Calculation method for shot blasting deformation of large-size arc-shaped part

Technical Field

The invention relates to the technical field of arc-shaped part deformation calculation, in particular to a calculation method for shot blasting deformation of a large-size arc-shaped part.

Background

The large-size thin-wall arc-shaped part is an important structural part of an airplane body and has the characteristics of large size, thin wall, complex wall thickness change and the like. According to the process requirements, shot peening strengthening treatment is required to be carried out on the surface of the arc-shaped piece so as to improve the fatigue performance of the arc-shaped piece and change the surface state of the arc-shaped piece. Shot peening has become an important surface treatment technology, is becoming more and more important in modern aerospace manufacturing, and has become one of the important research contents.
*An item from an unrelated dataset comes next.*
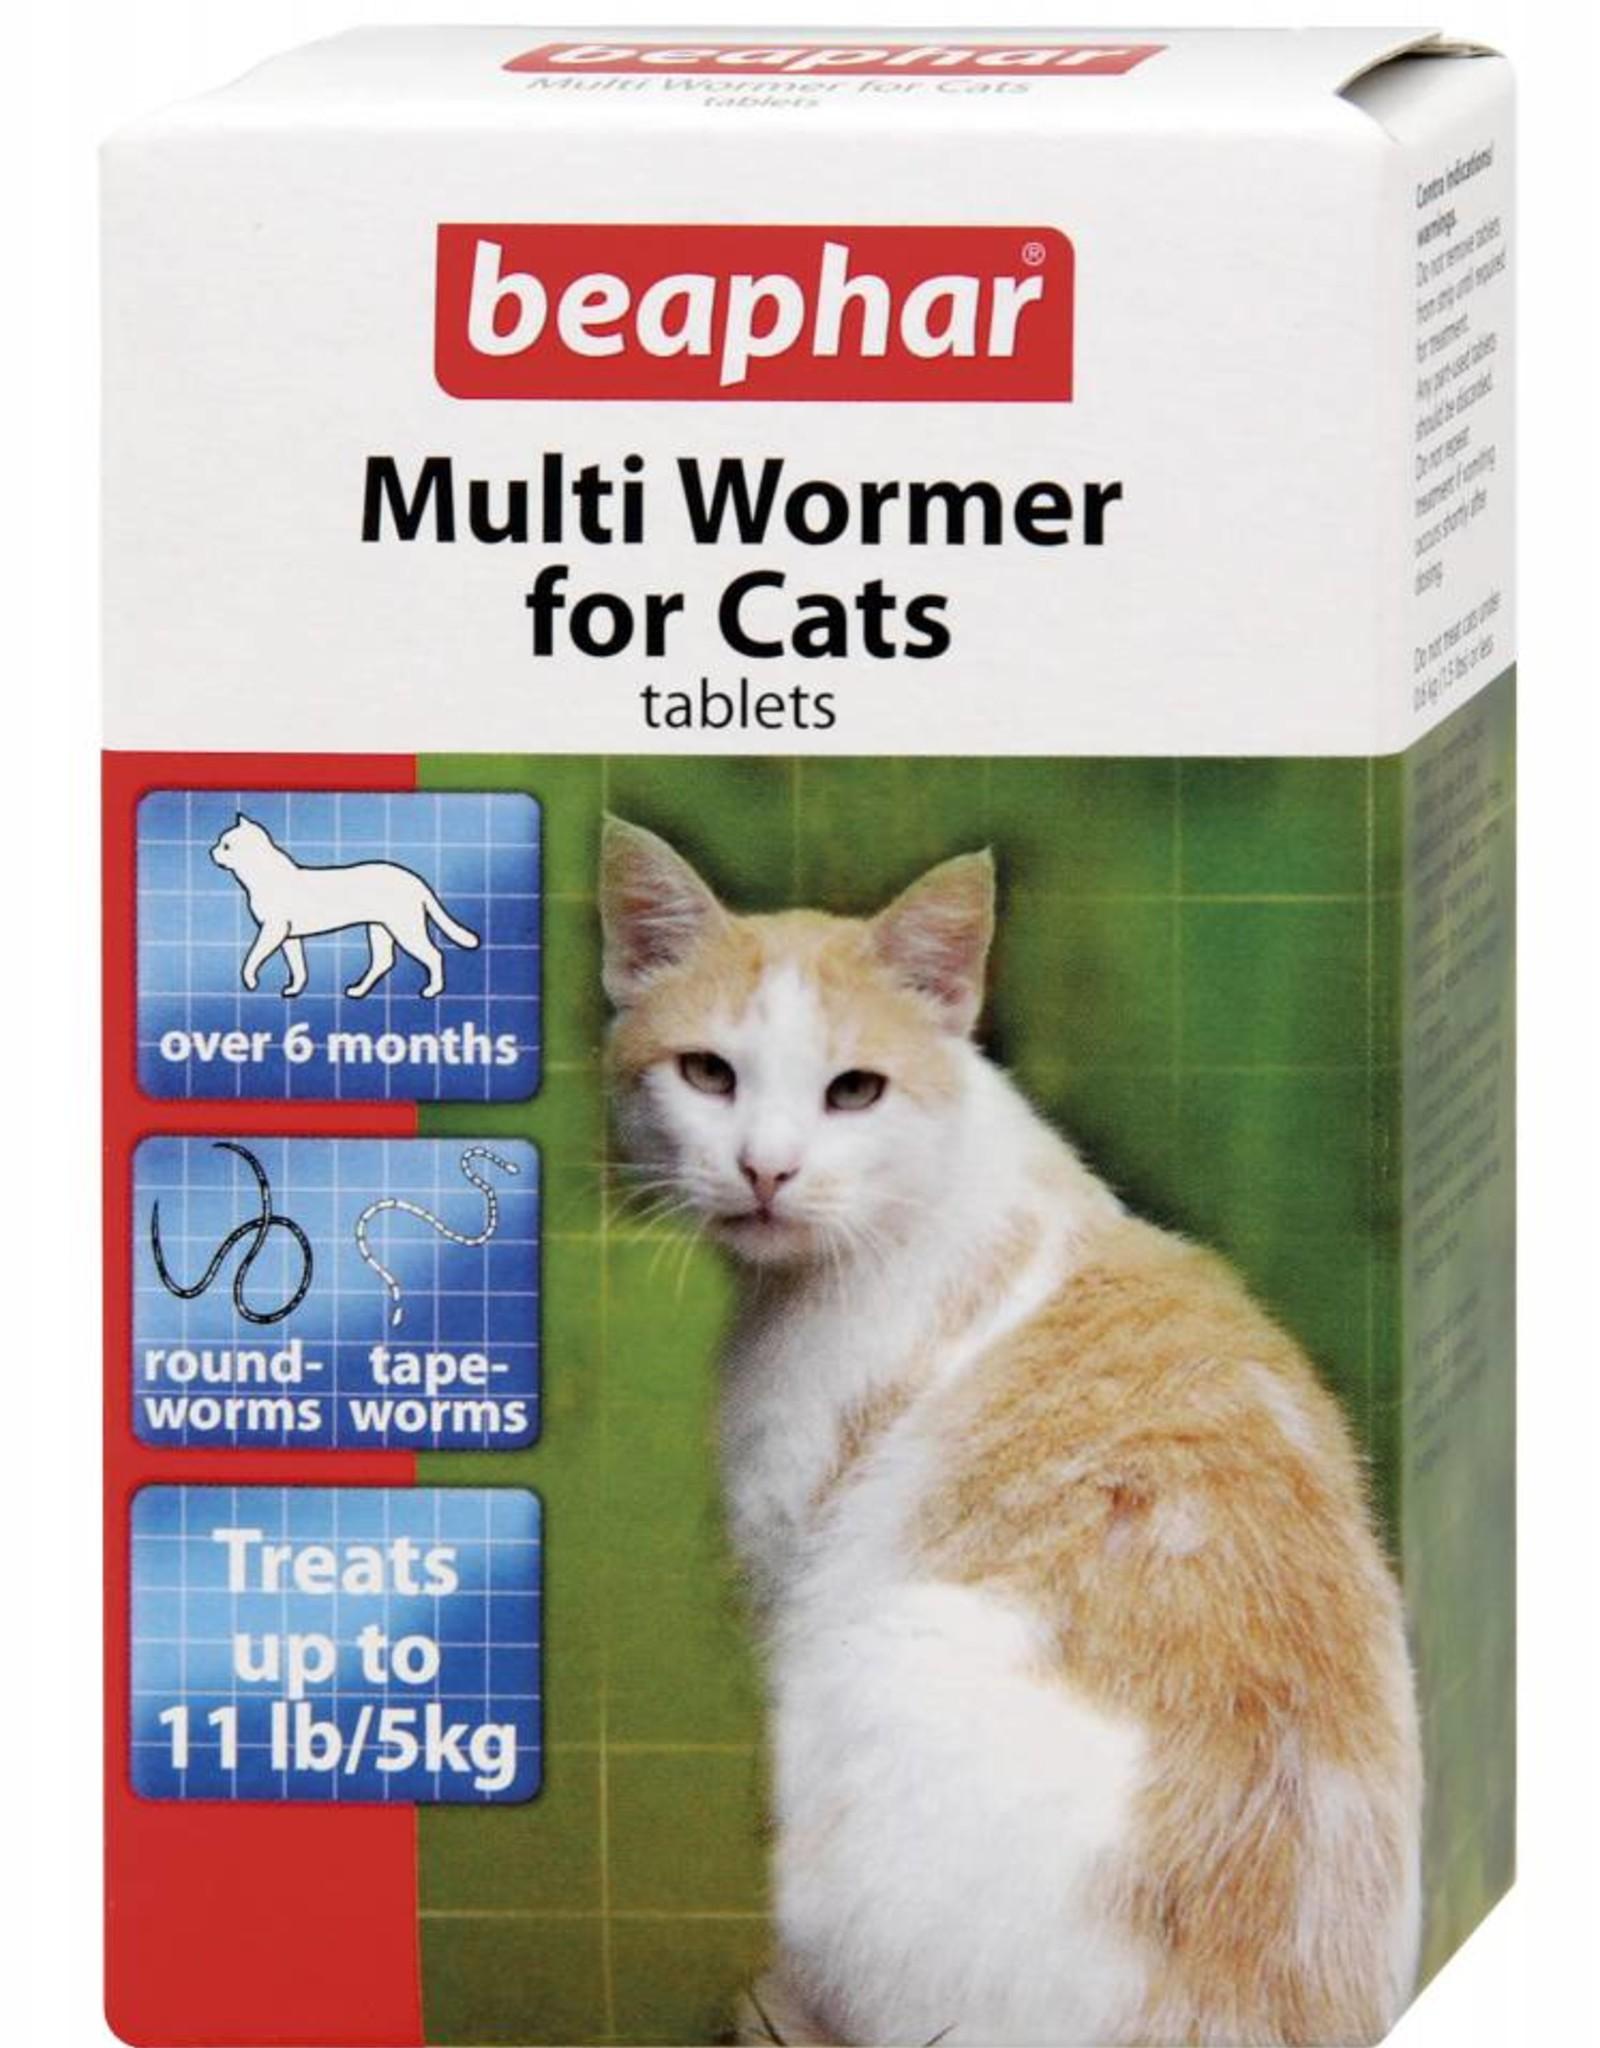 Beaphar Multi Wormer for Cats, 12 Tablets

In the process of mass actual production and test, the structural characteristics of the arc-shaped part and the influence of residual stress generated by shot blasting are found, the component is easy to deform after the shot blasting process is finished, the profile tolerance required by a drawing can not be met, meanwhile, the assembly requirement can not be met functionally, the rejection rate of the arc-shaped part is as high as 50% -60%, the out-of-tolerance rate is more than 80%, the prediction of the shot blasting deformation of the arc-shaped part is a great problem in the field of shot blasting reinforcement, and the reduction of the rejection rate has great economic value.

Disclosure of Invention

The invention aims to provide a calculation method for shot blasting deformation of a large-size arc-shaped part, which can efficiently, quickly and accurately predict the deformation of the large-size part under different shot blasting parameters before shot blasting process treatment, and provides reference and basis for formulation and optimization of a shot blasting scheme.
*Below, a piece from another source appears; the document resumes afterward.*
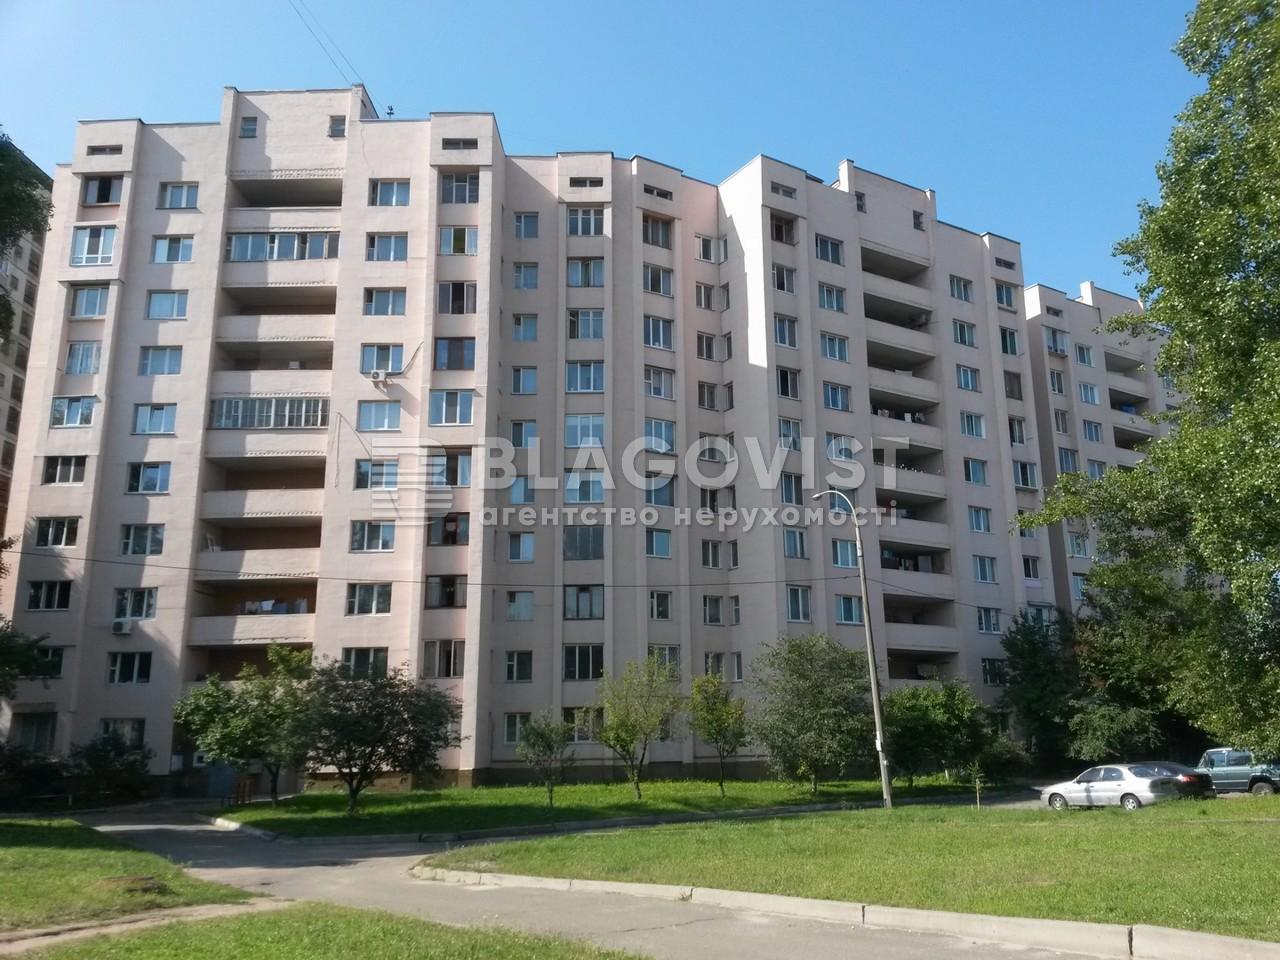 Дом Z-56191, Радужная, Киев - Фото 4

The invention is realized by the following technical scheme: a calculation method for shot blasting deformation of a large-size arc-shaped part specifically comprises the following steps:

step S1: testing and detecting;

step S2: finite element multi-shot simulation;

step S3: establishing an induced stress library;

step S4: calculating shot blasting deformation of the large-size thin-wall arc-shaped part; specifically, the method comprises the following steps: and predicting the shot blasting deformation of the thin-wall arc-shaped part by establishing a theoretical model.
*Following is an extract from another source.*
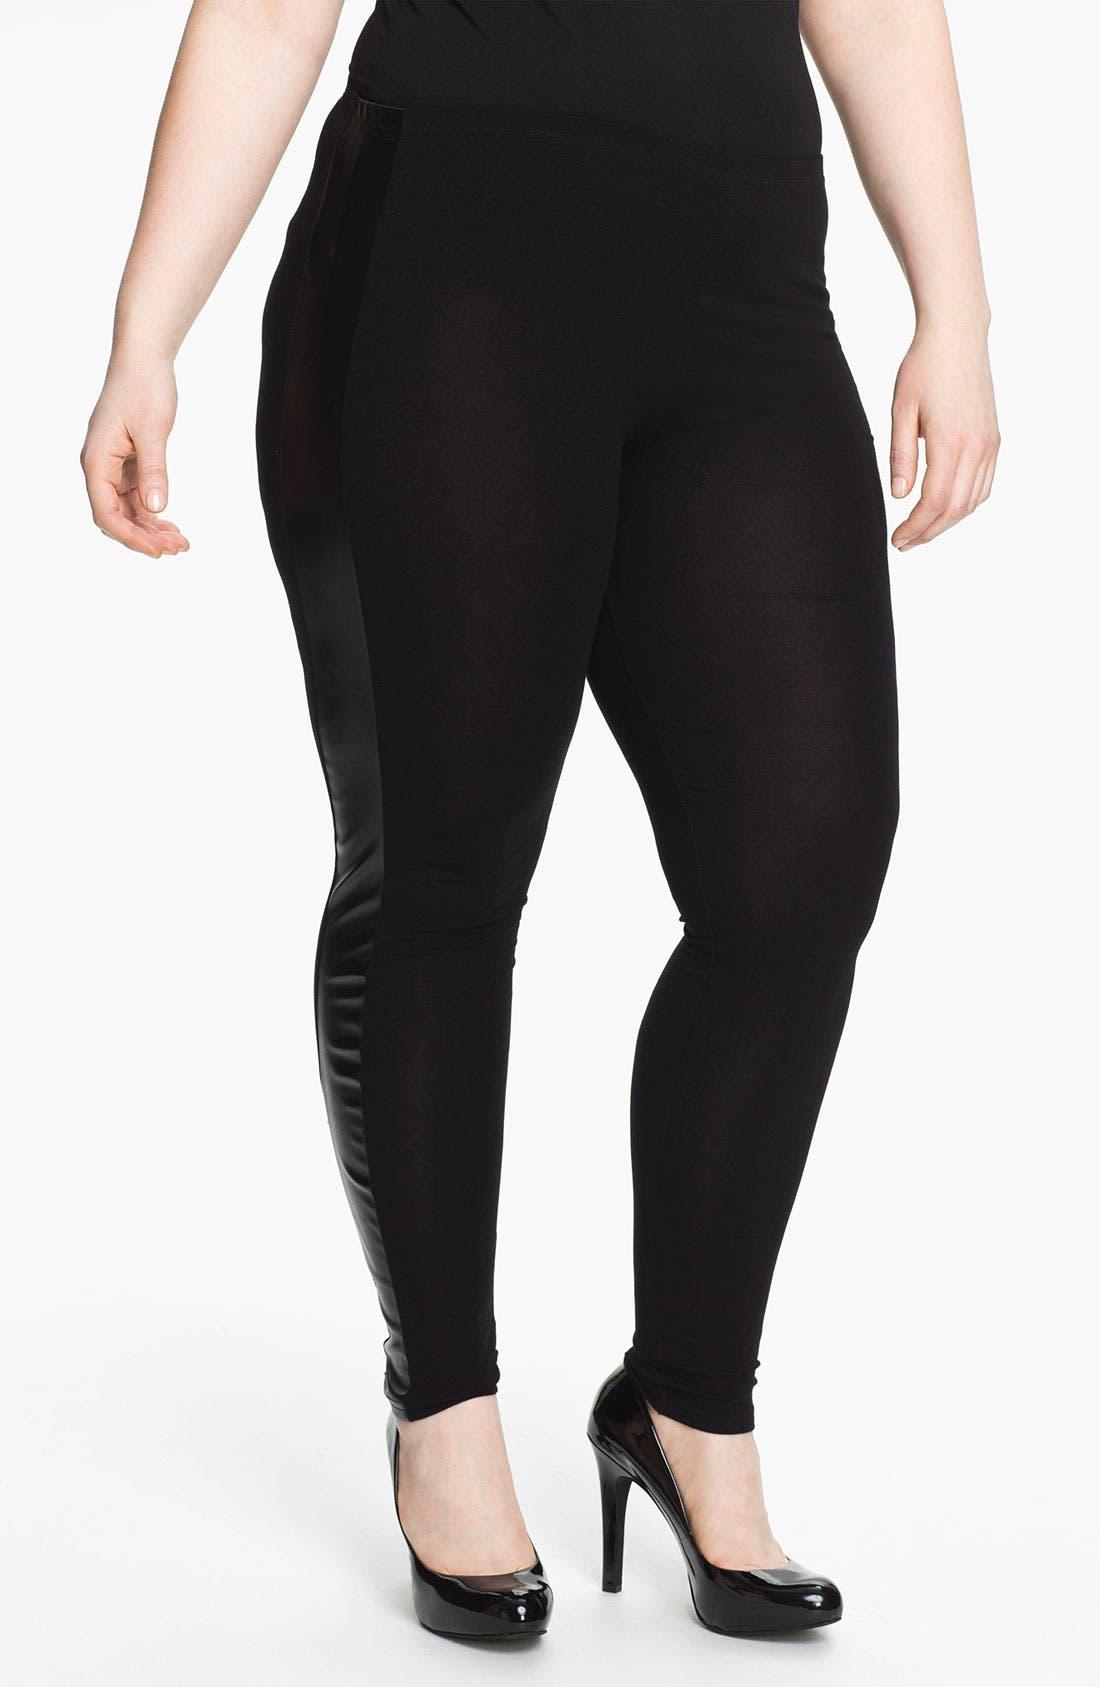 Alternate Image 1 Selected - Evans Faux Leather Trim Leggings (Plus Size)

Further, in order to better implement the present invention, the step S4 specifically includes the following steps:

step S41: according to the structural characteristics of the arc-shaped piece, the arc-shaped piece is simplified into a variable-section curved beam with an arc axis, a T-shaped cross section and symmetrical relative to an axis plane;

step S42: establishing a coordinate system, and setting the axis of the arc-shaped piece as an S axis; the normal direction of the cross section is set as an X axis, the symmetrical axis of the cross section of the arc piece is set as a Y axis, the S axis and the Y axis are vertical, and the cross section is set as a Z axis;

step S43: calculating equivalent axial force and bending moment;

N(S)＝∫_Aσ_xdA，M(S)＝∫_Aσ_xydA； (1)；

wherein y is the distance from the neutral layer;

a is the cross-sectional area of the arc-shaped part;

σ_xthe equivalent axial force N and the bending moment M are balanced with the constraint force on the boundary;

step S44: and (3) calculating the differential equation of the deformation of the arc piece after the boundary condition is withdrawn as follows:

wherein: j. the design is a square_z＝∫_Ay²/(1-y/R)dA (3)；

E is the elastic modulus of the material;

r is the axial radius of the arc-shaped piece;

u is the displacement of the centroid of the cross section for plane bending deformation of the arc-shaped piece along the s axis;

v is the displacement of the centroid of the cross section for plane bending deformation of the arc-shaped piece along the Y axis;

when R → ∞ is reached, the curved beam becomes a straight beam, J_ZThe section inertia moment is obtained by solving the formula (2) to obtain u and v, namely the arc-shaped piece bends along the axis and extends and deforms;

step S45: and (3) establishing an arc-shaped piece rigidity model by utilizing Python language, and obtaining the deformation by combining shot blasting induced stress.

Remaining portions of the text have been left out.